My review of the 2015 RICS Summit of the Americas covers a lot of ground, but that’s because this informative conference offered attendees such a wealth of information. My previous posts have discussed California’s property tax laws, international valuation standards, and global investment trends. This final post discusses the Friday afternoon sessions I attended, which finished off the summit with a focus on real estate data issues, now and in the future.
In the first afternoon session, participants included Tom McCormick (Nationwide Appraisal Services), Mike Abramsky (Argus Software), Susan Allen (CoreLogic), Steve Napier (Ernst & Young), and moderator Casey Merrill (Colliers International). Of the four panelists, two focused on commercial data and two focused on residential data. Broad access to data has varied consequences: increased efficiencies, easier potential for data manipulation, decreased quality of outputs, and aggressive timing expectations (e.g., faster turnaround times). Mr. McCormick does not think that prepopulating comparable sales transactions data on appraiser forms is a realistic possibility because of the chances that errors could be made and that comparable sales may change between one draft of the appraisal and the final appraisal, especially if drafts are reviewed at any stage in the process. Ms. Allen described how appraisers should be able to anticipate questions from lenders, Fannie Mae, and Freddie Mac, and be able to provide these explanations in the appraisals. Mr. McCormick also said that there was “AVM fraud” at one point, that algorithms were changed at AVM companies to produce higher valuations (note that no specific examples were given), and that lenders doing due diligence would cycle through AVMs until they got one that worked.
In a subsequent session, the panelists discussed future issues that will face the valuation profession. Peter Christensen (LIA Administrators & Insurance Services) thinks the appraisal profession in the United States is 15+ years behind other fields, such as architecture, engineering, investment banking, and property inspectors, in terms of the promotion of professional standards. Indemnification provisions, where appraisal firms accept liability for appraisers’ errors and omissions, increase the potential problems in the industry. As one example, Mr. Christensen said that if you can get the time period in which either party in a professional relationship can file a civil action down to 2 years, then that will decrease by 50% the firm’s likelihood of facing a lawsuit (i.e., decrease “liability risk”).
Panelists were asked to list future threats to the profession. Their answers included the following:
- Technology-based valuations with lots of capital that will fail spectacularly, just like the savings and loan (S&L) crisis and the subprime loan crisis.

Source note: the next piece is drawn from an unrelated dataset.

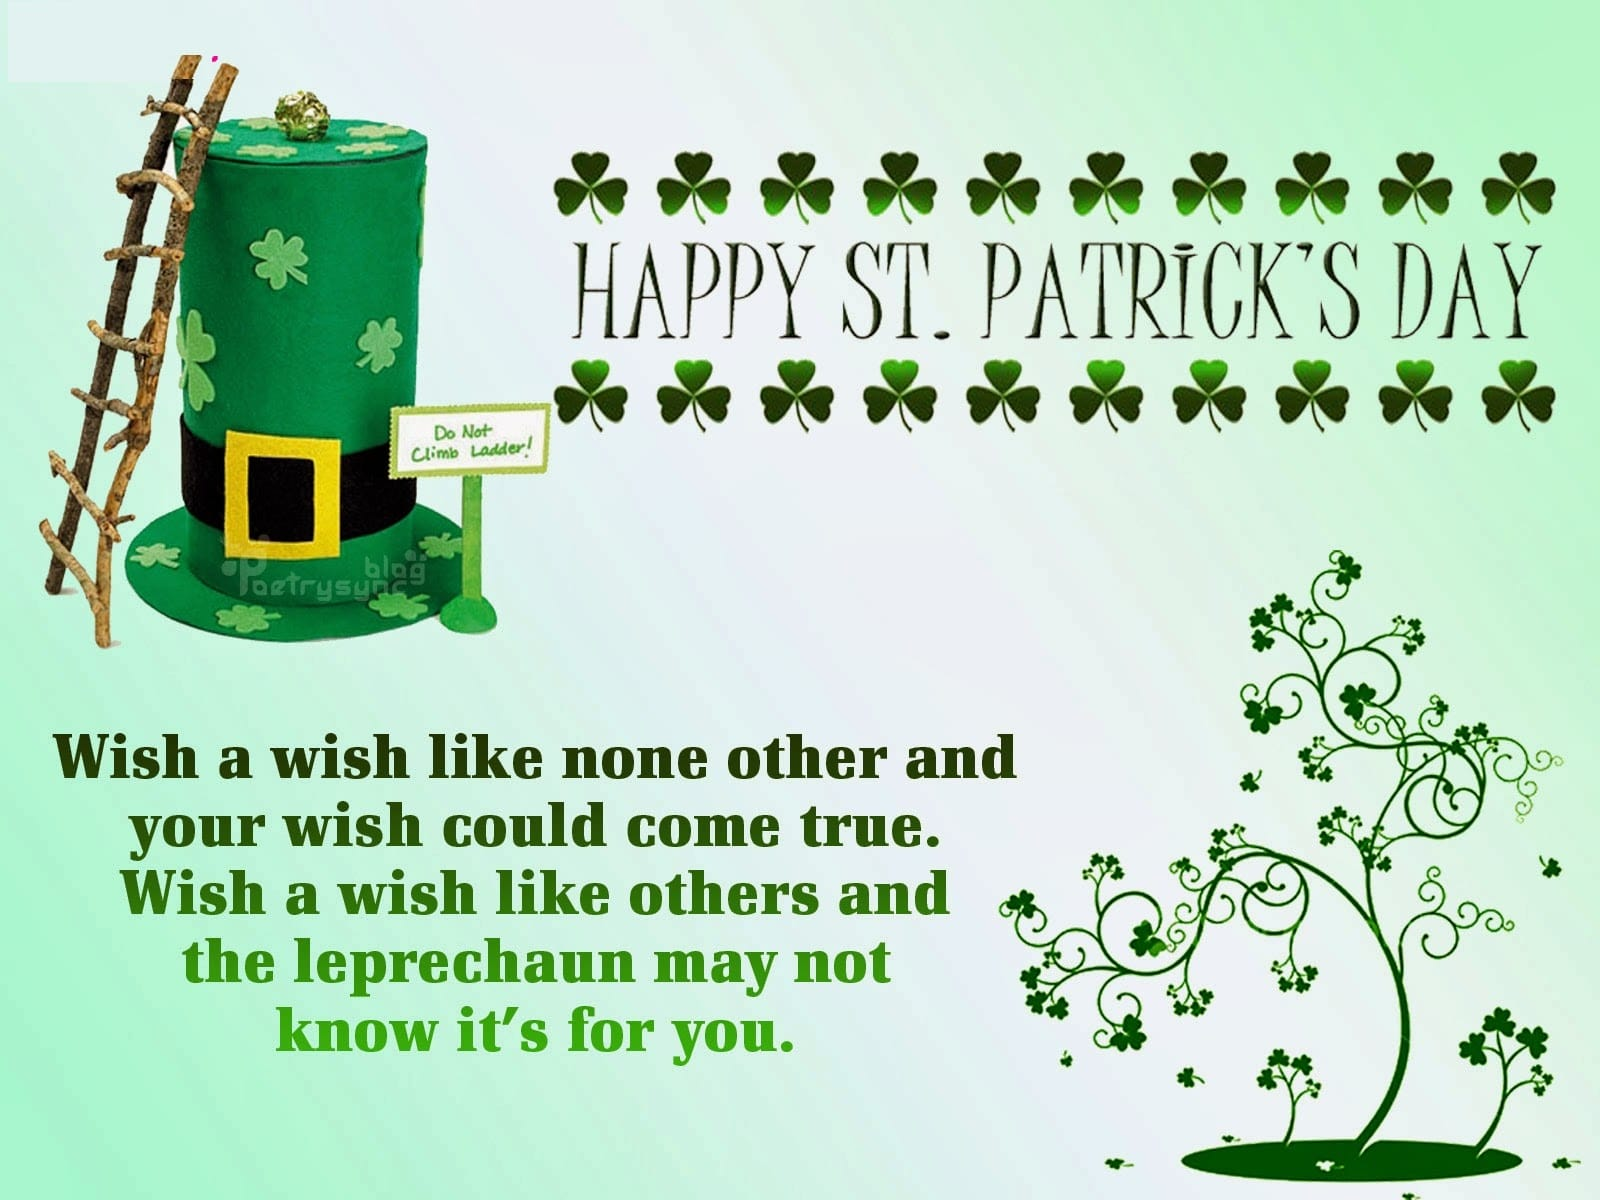 St. Patricks Day Message 2018

- Accountants doing things that are better suited for appraisers, such as some business valuations.
- Technology-only solutions are worse than data + technology + mentoring junior staff + experience/judgment of senior folks.
In the final panel of the conference, which also focused on the future of the valuation profession, several themes were reiterated. One panelist, James Balocki, who coordinates all facilities for the U.S. Army Reserve, issued a call for private sector ideas to help the Army Reserve to manage its real estate assets and facilities. In particular, the Army Reserve requests help to solve issues related to base realignment and closure (BRAC), which occurs every 5 years, and to maintain facilities so that they are easily made operational at some point in the future when they are needed.
Overall, the RICS Summit of the Americas is a great conference for anyone interested in appraisals and valuation. I went home filled with new insights and ideas, and I look forward to returning in 2016—not only for the information, but to fulfill my continuing education hours for my MRICS professional designation!